Smith also relocated to Birmingham in order to make a fresh start to a career which has already brought him an Olympic bronze medal, European silver and world bronze.
Sunday's effort, off a run-up of seven rather than the full nine steps, was a tribute to his mental strength and technical ability. Afterwards he defined the word relieved.
"We were not expecting him to jump so high, but I would never have liked to say that it wasn't possible for him. That's the sort of height and beyond that he will need to get a medal in Seville. He probably needs the capacity to go a couple of jumps higher.
"But it's always nice when a plan comes together. Afterwards I think the phrase he used more than any was `I'm back'. His self-belief has always been the thing that has kept him going through all the dark times."

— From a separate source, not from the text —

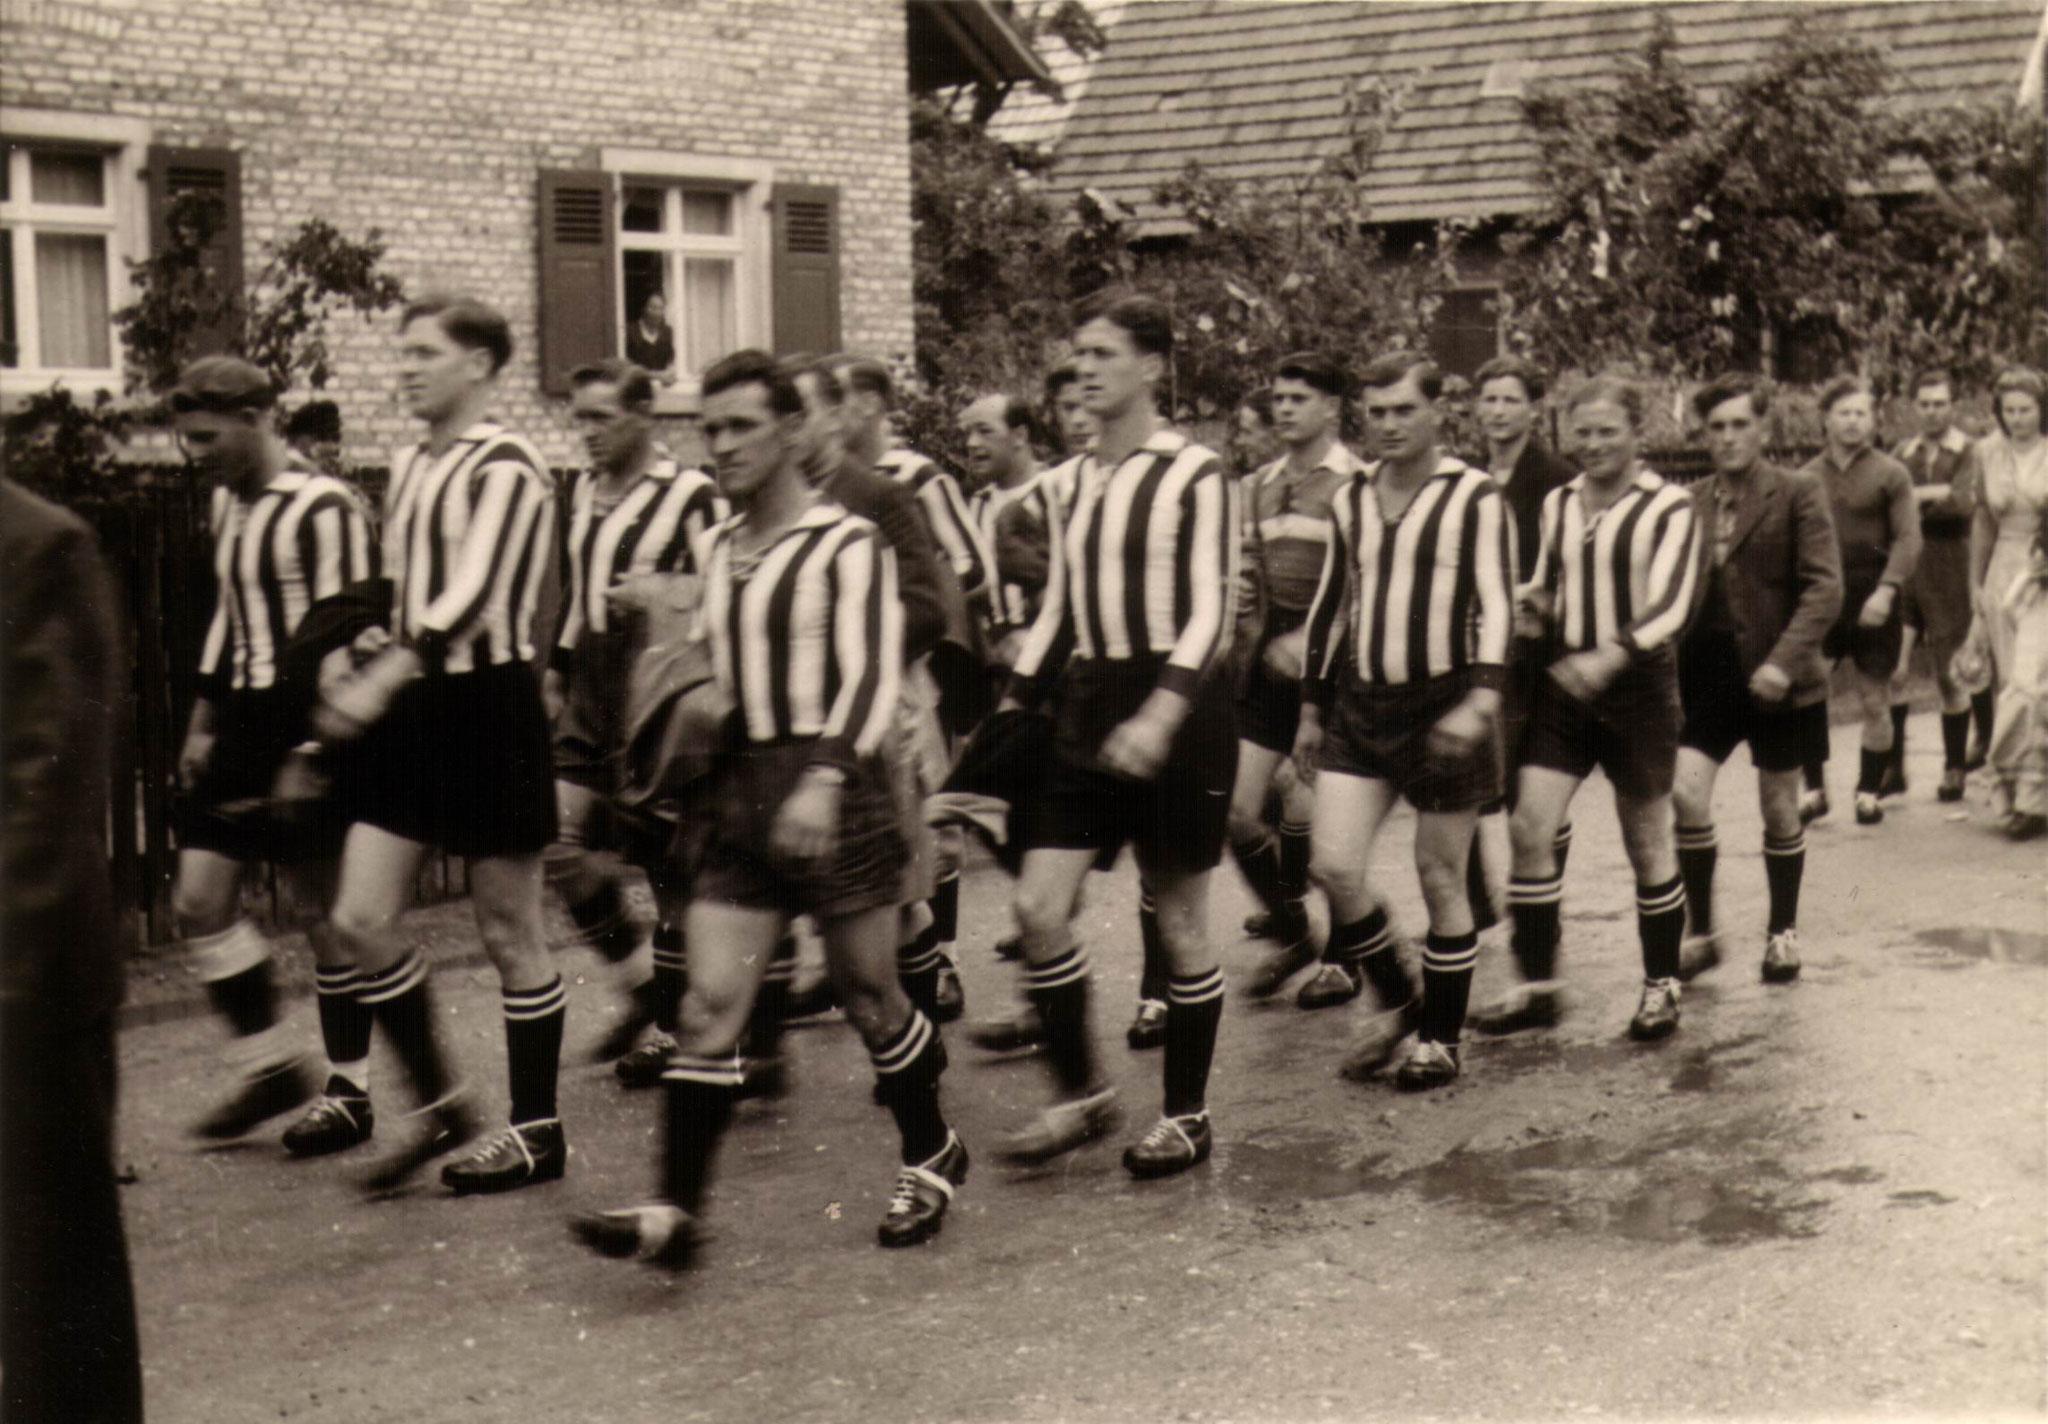 Sportfest 1948 -  Umzug durchs   Dorf

The next competition for Smith will be at St-Denis on Saturday. The plan is to jump once again with a seven-step run-up and then take a three-week training break in preparation for the World Championship trials, where he will jump off a full run-up. He then has meetings at Eberstadt (1 August) and Cologne (8 August) after which he will decide what is the best approach- run for him at the World Championships.
Characteristically, once he had jumped 2.36 on Sunday - only a centimetre below the British record he set in 1992 - Smith had made an attempt to clear 2.40, which has a special significance for all high jumpers. "He wasn't too far away with his third attempt," Bidder said. "But 2.40 is an awful long way up. But Steve will have that attempt fresh in his mind when he next comes to it."
The women's 1500 metres saw another performance full of guts and effort from Kelly Holmes, who suffered yet another injury setback in February of this year when she had to fly home from training in Australia with an Achilles problem.
In what was her season's debut Holmes - who made a late return from injury last season to earn the Commonwealth 1500m silver medal - looked as if she was going to suffer her first defeat by a fellow Briton for many years as the field came to the bell. But Holmes, as so often before, dug into her resources to overtake Hayley Tullett in the final straight. If they gave medals for fortitude, Holmes would have a cupboard full.